United States District Court, N.D. Illinois, Eastern Division
November 16, 2004.
MRS. EUNICE FLOOD, Special Administrator of the Estate of Maurice Flood, deceased, Plaintiff,
KEENE CORPORATION, et al., Defendants.
The opinion of the court was delivered by: CHARLES KOCORAS, District Judge
This matter comes before the court on the motion of Plaintiff,
Eunice Flood ("Flood") special administrator of the estate of
Maurice Flood, for a settlement conference. For the reasons set
forth below, Flood's motion is denied.
After several weeks of negotiation and a court-supervised
settlement conference, a settlement agreement was reached between
Flood and Defendant Owens-Illinois, Inc. ("Owens") on June 30,
2004. Both parties agreed to the details of the settlement
agreement, whereby Owens would generate a stream of biannual
payments to Flood over a five-year period. The payment schedule
was to take effect on September 1. Flood requested that Owens prepare the settlement paperwork,
including the settlement agreement and release. Owens, in turn,
prepared the paperwork and sent it to Flood's counsel, Robert
Queeney, via messenger. Owens alleges that the paperwork was sent
tandem with a request that Queeney inform Owens if any changes or
modifications were necessary. Owens claims that several weeks
passed with no response to this request from Queeney and that
numerous phone messages left by Owens requesting Queeney's
response also went ignored.
Owens asserts that on September 30, still having heard no
response from Queeney regarding the settlement agreement, Owens
sent Queeney another copy of the agreement and release. As the
date for the first payment had passed, without any response from
Queeney, Owens included a new payment schedule.

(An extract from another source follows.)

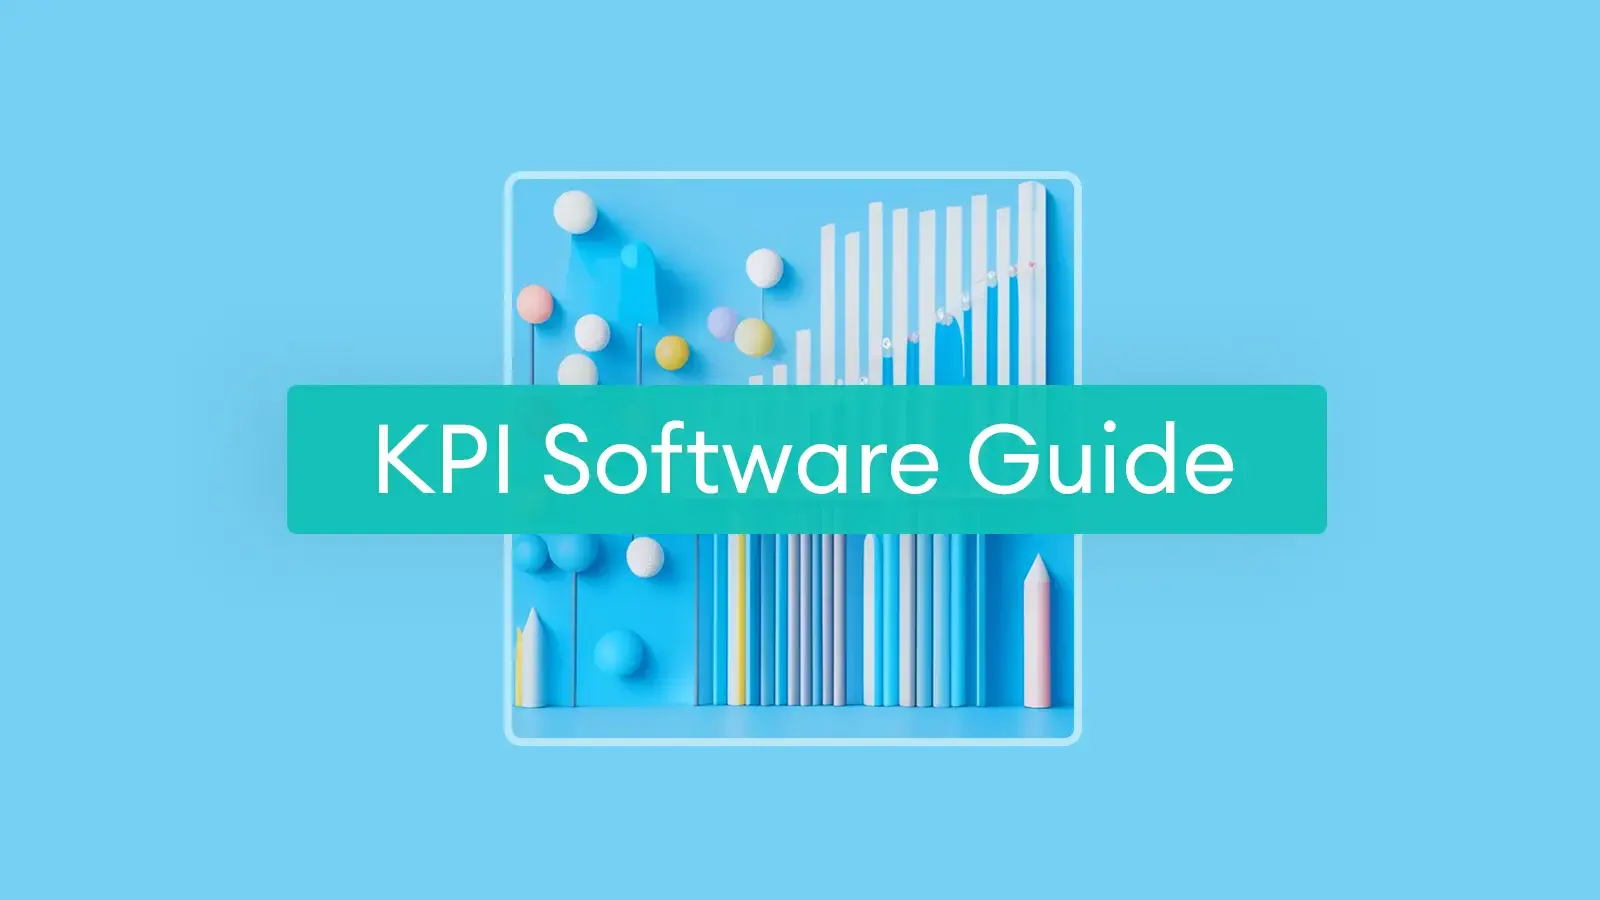 The words KPI Software Guide are written on a green banner over a blue abstract image containing data chart and graph components.
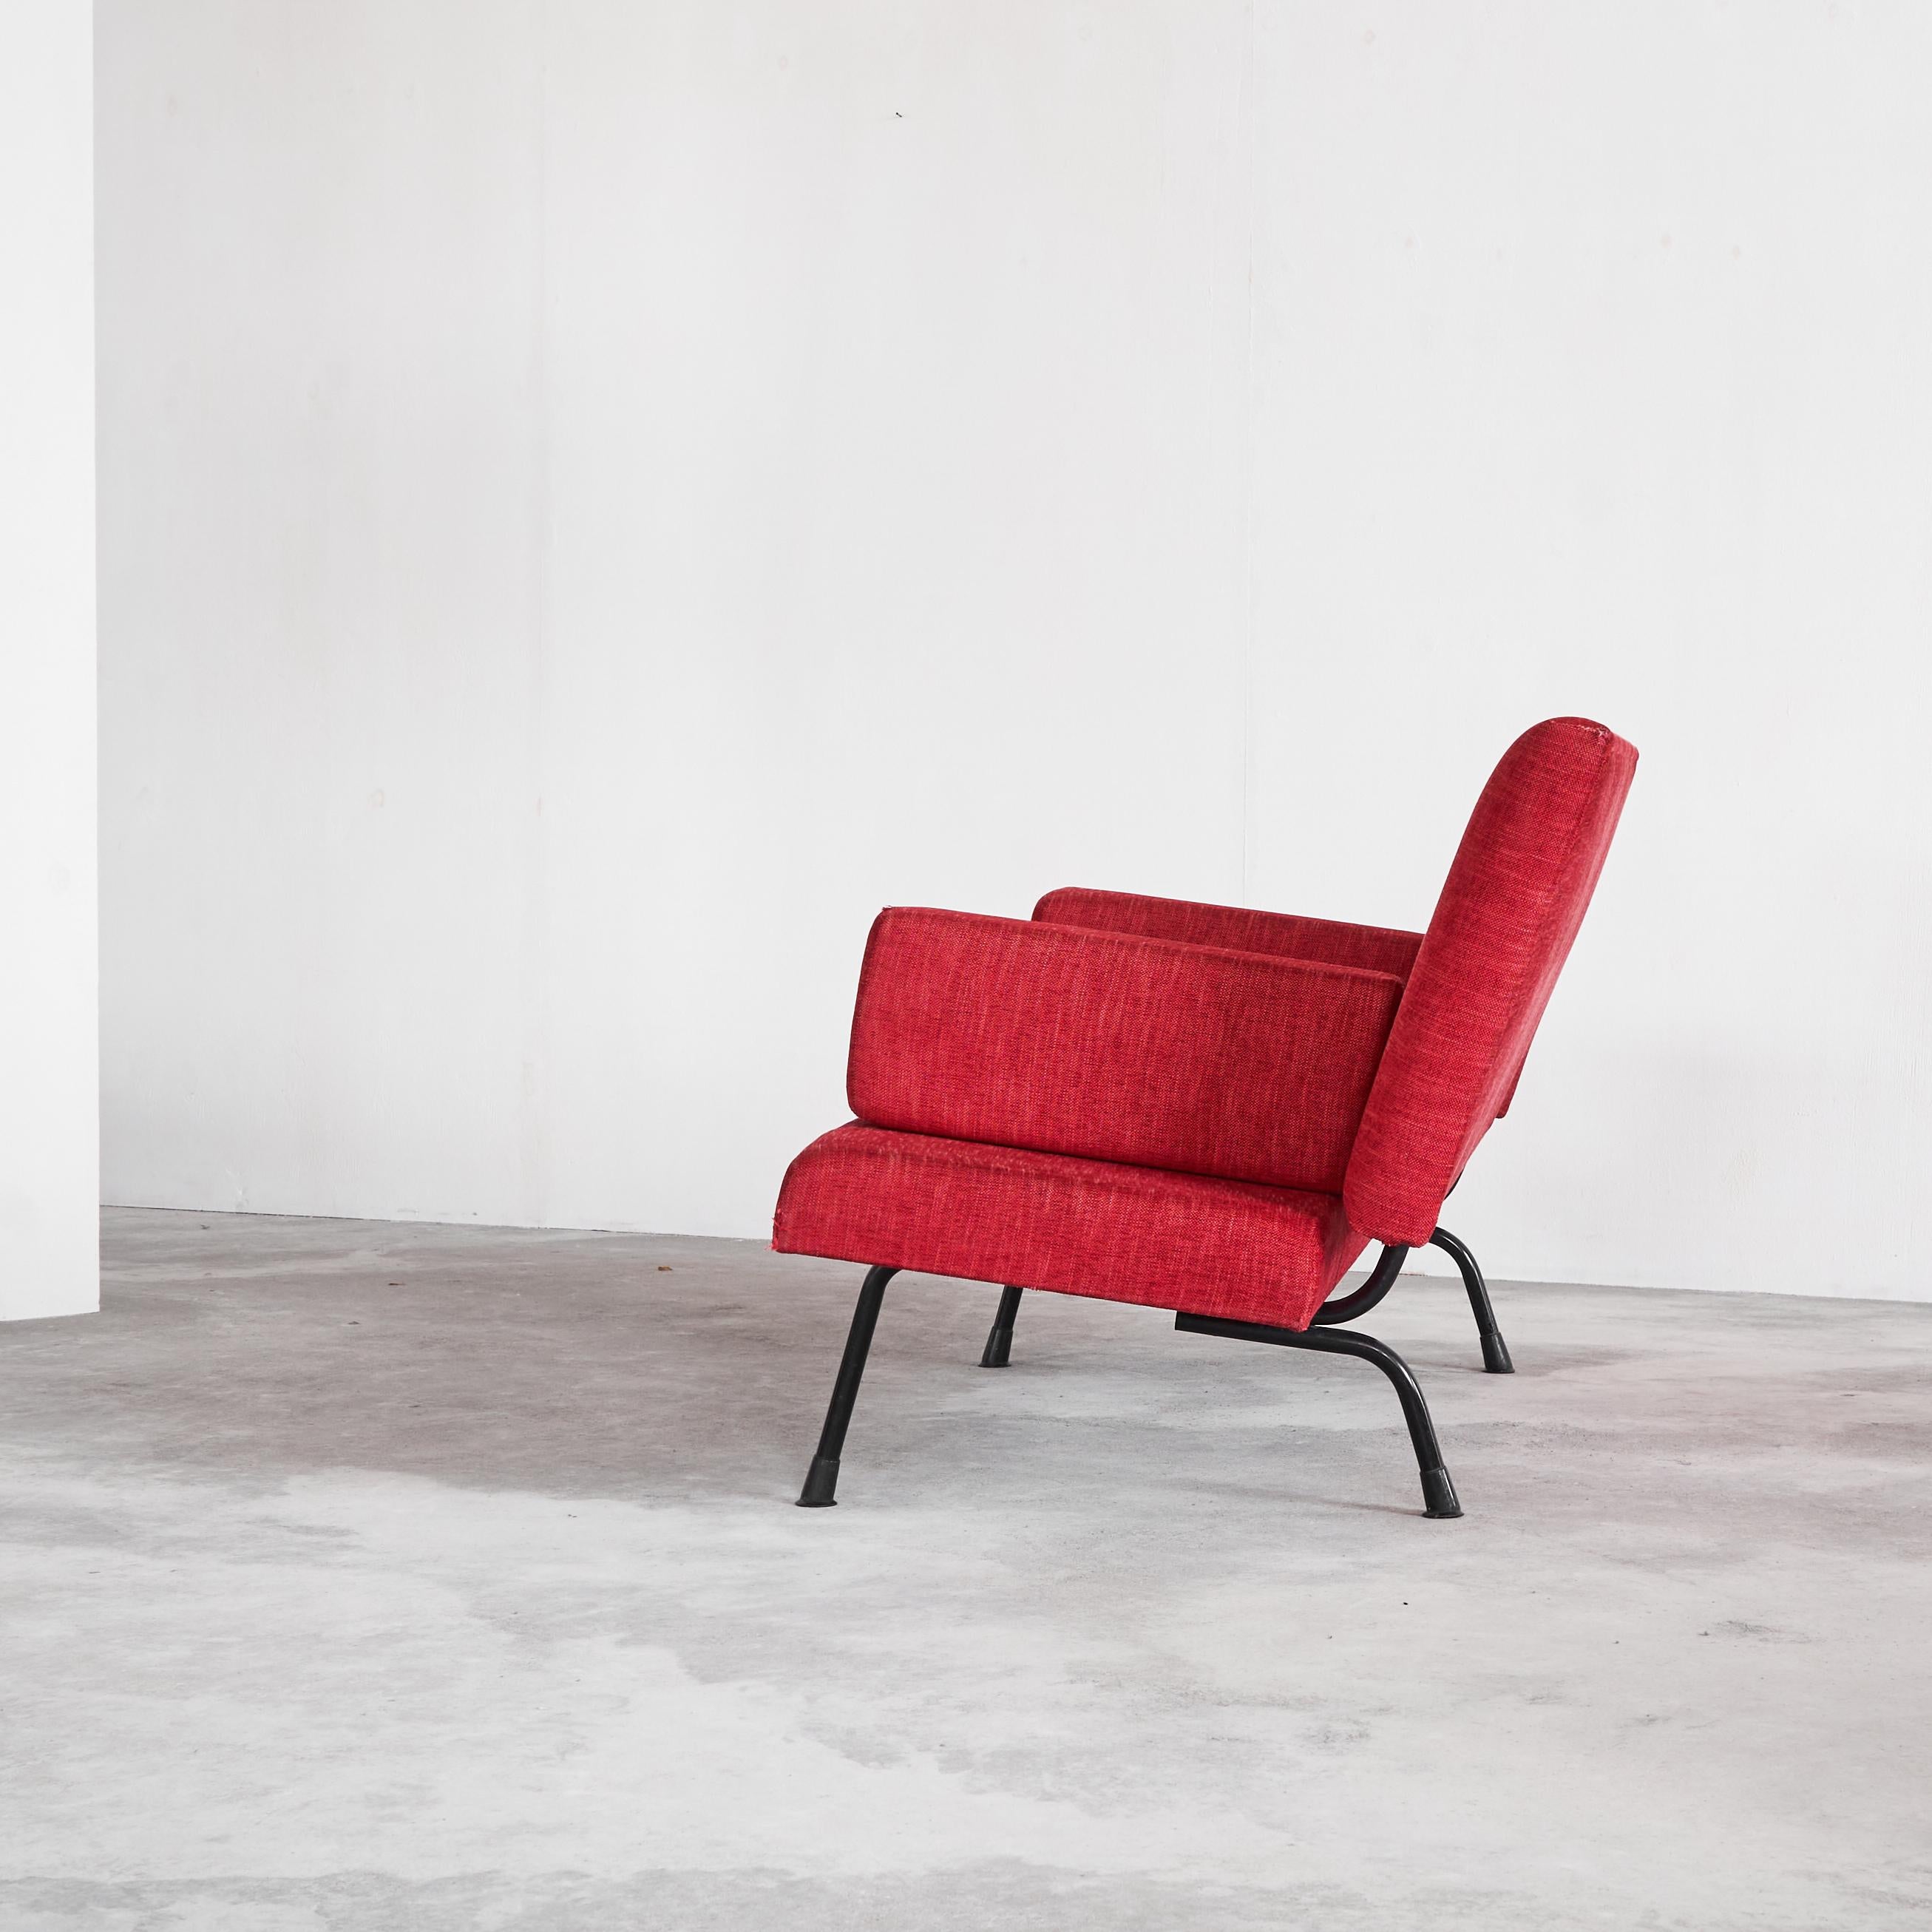 20th Century Wim Rietveld '447' Sofa in Red Fabric 1950s For Sale

On October 11, Queeney sent a faxed copy of the original July
30 agreement that was purportedly signed by Flood but not
notarized and asked that the first payment be made within ten
days. On October 13, Owens indicated to Queeney apprehension
regarding the non-notarized signature page and informed him that,
while Owens was willing to cooperate with the payment schedule,
no payment could be made without a notarized settlement
agreement. Owens alleges that on October 20, Queeney indicated
via voice mail that he would have his client sign the agreement
the next day. According to Owens, Flood has yet to provide a notarized
settlement agreement and release.
Flood brings the present motion pursuant to Fed.R. Civ. P.
16(a), requesting that this court hold a second settlement
conference. Flood requests the settlement conference in the hopes
of adding "security" (without denoting what the security would
be) to Owens' promise to pay that is contained within the
settlement agreement and release. Flood expresses apprehension
regarding Owens' ability to pay and seeks the added security in
order to ensure full payment in the event that Owens files for
bankruptcy. Flood's only argument for this request is that
additional security is appropriate under the circumstances, in
that Owens is one of the few viable manufacturers in this case
that has not sought bankruptcy protection. This argument is
Flood claims that a settlement conference is appropriate under
the circumstances, yet given the facts presently before the
court, the circumstances indicate that a settlement conference is
not necessary. To express apprehension regarding a corporate
defendant's solvency merely because it has not filed for
bankruptcy protection, while other corporate defendants in the
case have, is counter-intuitive. Flood concedes that she had
previously accepted the terms of the settlement and that those
terms are accurately and completely set forth in the written agreement
tendered by Owens. Flood's request for additional security
ignores the fact that Owens has not made any indication
whatsoever that it could not or would not comply with the terms
of the agreement.
Based upon the record, it appears that Owens has been making
all reasonable attempts to comply with the settlement to which
the parties agreed. There is nothing unreasonable about Owens'
preferring to wait for the releasing party's notarized signature
before proceeding in accordance with the settlement agreement.
Further, Owens has been the catalyst behind finalizing the
settlement, drafting the agreement, and following up with
Queeney. Therefore, this court need not intervene, via a second
settlement conference, in the settlement between the parties.
Based on the foregoing analysis, Flood's motion is denied.